Neat!
“Entanglement is the strange and beautiful property of certain quantum particles to become so deeply linked that they share the same existence. According to quantum theory, that link should be maintained whatever the distance between the particles, whether the width of an atom or the diameter of the universe.
This led Einstein to claim that the instantaneous effects of entanglement would lead to ‘spooky action-at-a-distance’ in violation of special relativity which prevents faster-than-light signals.
[Insert discourse on Bell’s Thm here and experimental tests of the completeness of Quantum Mechanics and the implied incompleteness of Classical and Relativistic physics]
…In every one of these tests [which test to see if Quantum Physics or Classical Physics is more “correct”], the results agree entirely with the predictions of quantum mechanics. And yet naysayers continue to unearth loopholes that allow them to claim that there is a way in which the results are fixed, perhaps because quantum mechanics works only only over the short distances that can be exploited on Earth or by the existence some kind of hidden variable that determines in advance how the particles will behave when they are separated. [Well, not quite… unless the idea the author is trying to get at here is that “hidden variables” come into play at large distances or velocities]

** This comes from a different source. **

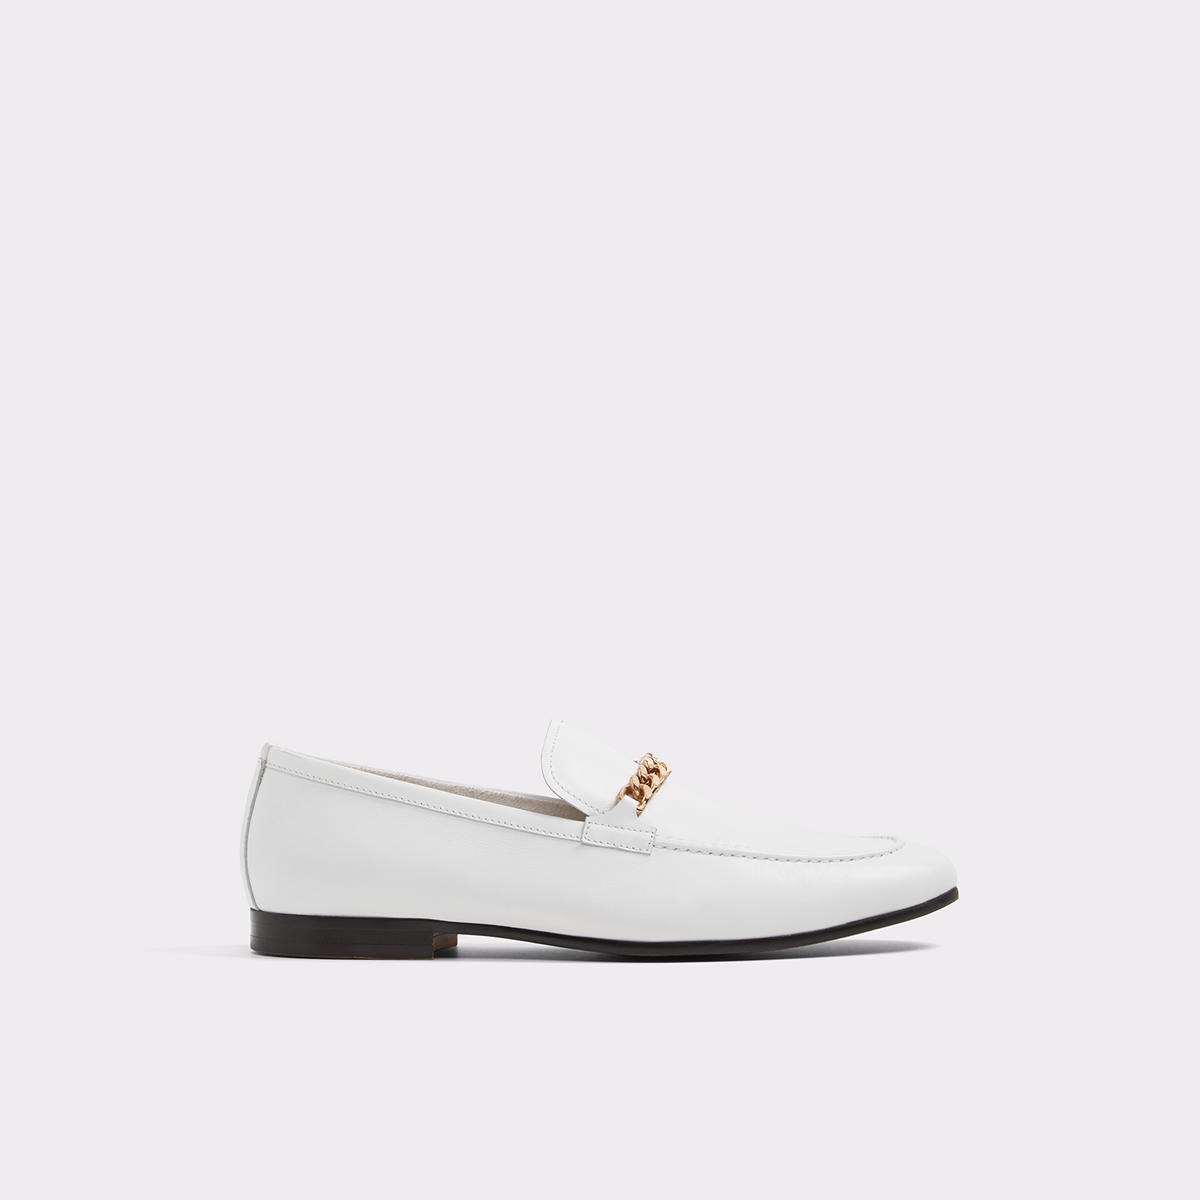 Royton White Men's Dress shoes | Aldoshoes.com US
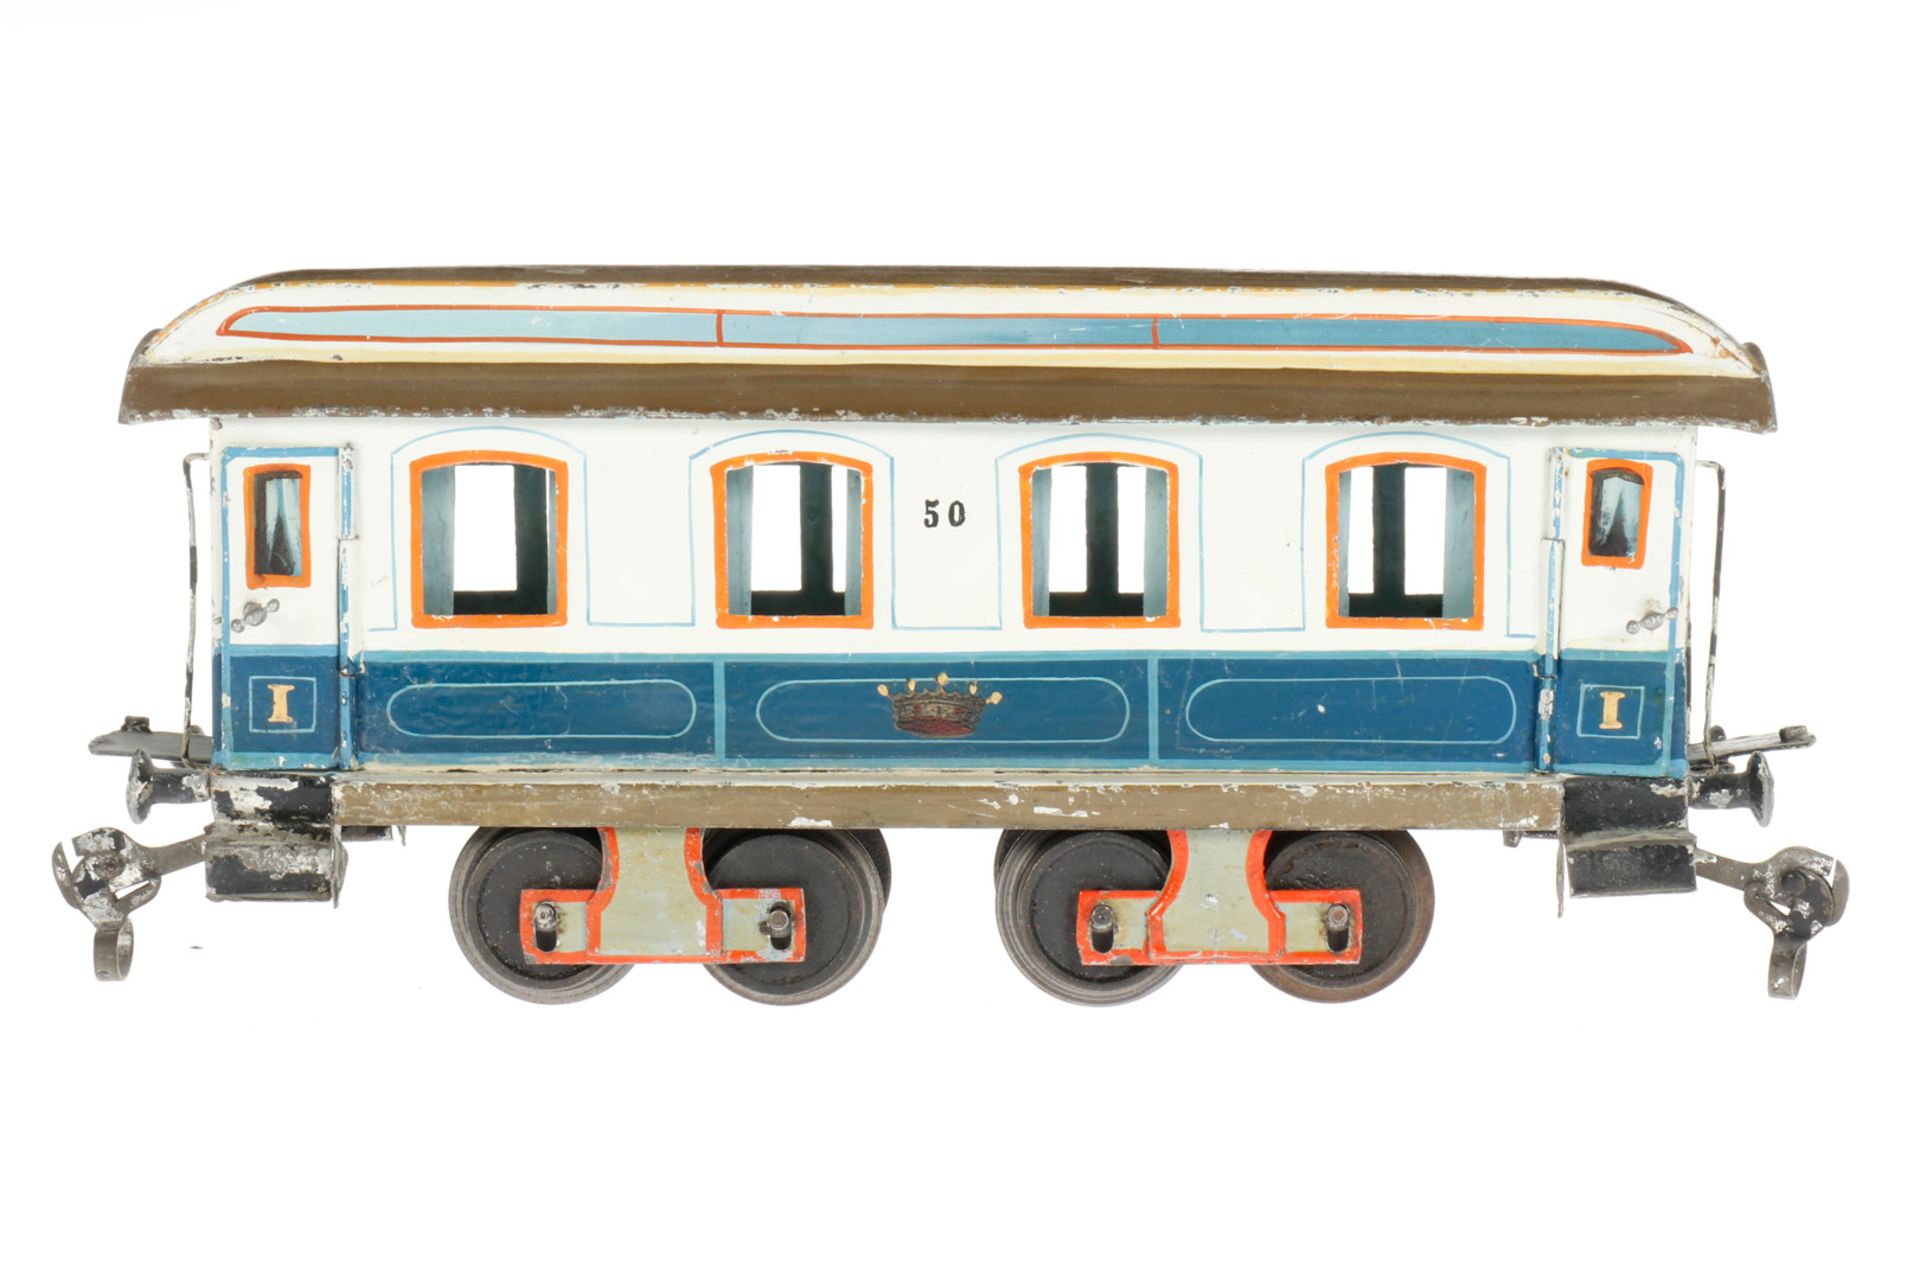 Märklin Personenwagen “50“ 1841 K, S 1, uralt, blau/weiß, HL, mit Inneneinrichtung, 4 AT und

There is one way to settle the matter for sure: send entangled photons to two orbiting astronauts on board different spacecraft with large relative velocities. That leaves no room for hidden variable theories or any other fix because the peculiarities of special relativity allow both astronauts to claim the measurement on their photon was performed before the other.
Today Anton Zeilinger from the University of Vienna in Austria, says he wants to try just such an experiment and has put together an impressive international team to design and promote idea. The team has submitted its proposal, called Space-QUEST, to the European Space Agency in the hope that one end of the experiment could hosted on the Columbus module, Europe’s orbiting laboratory attached to the International Space Station.”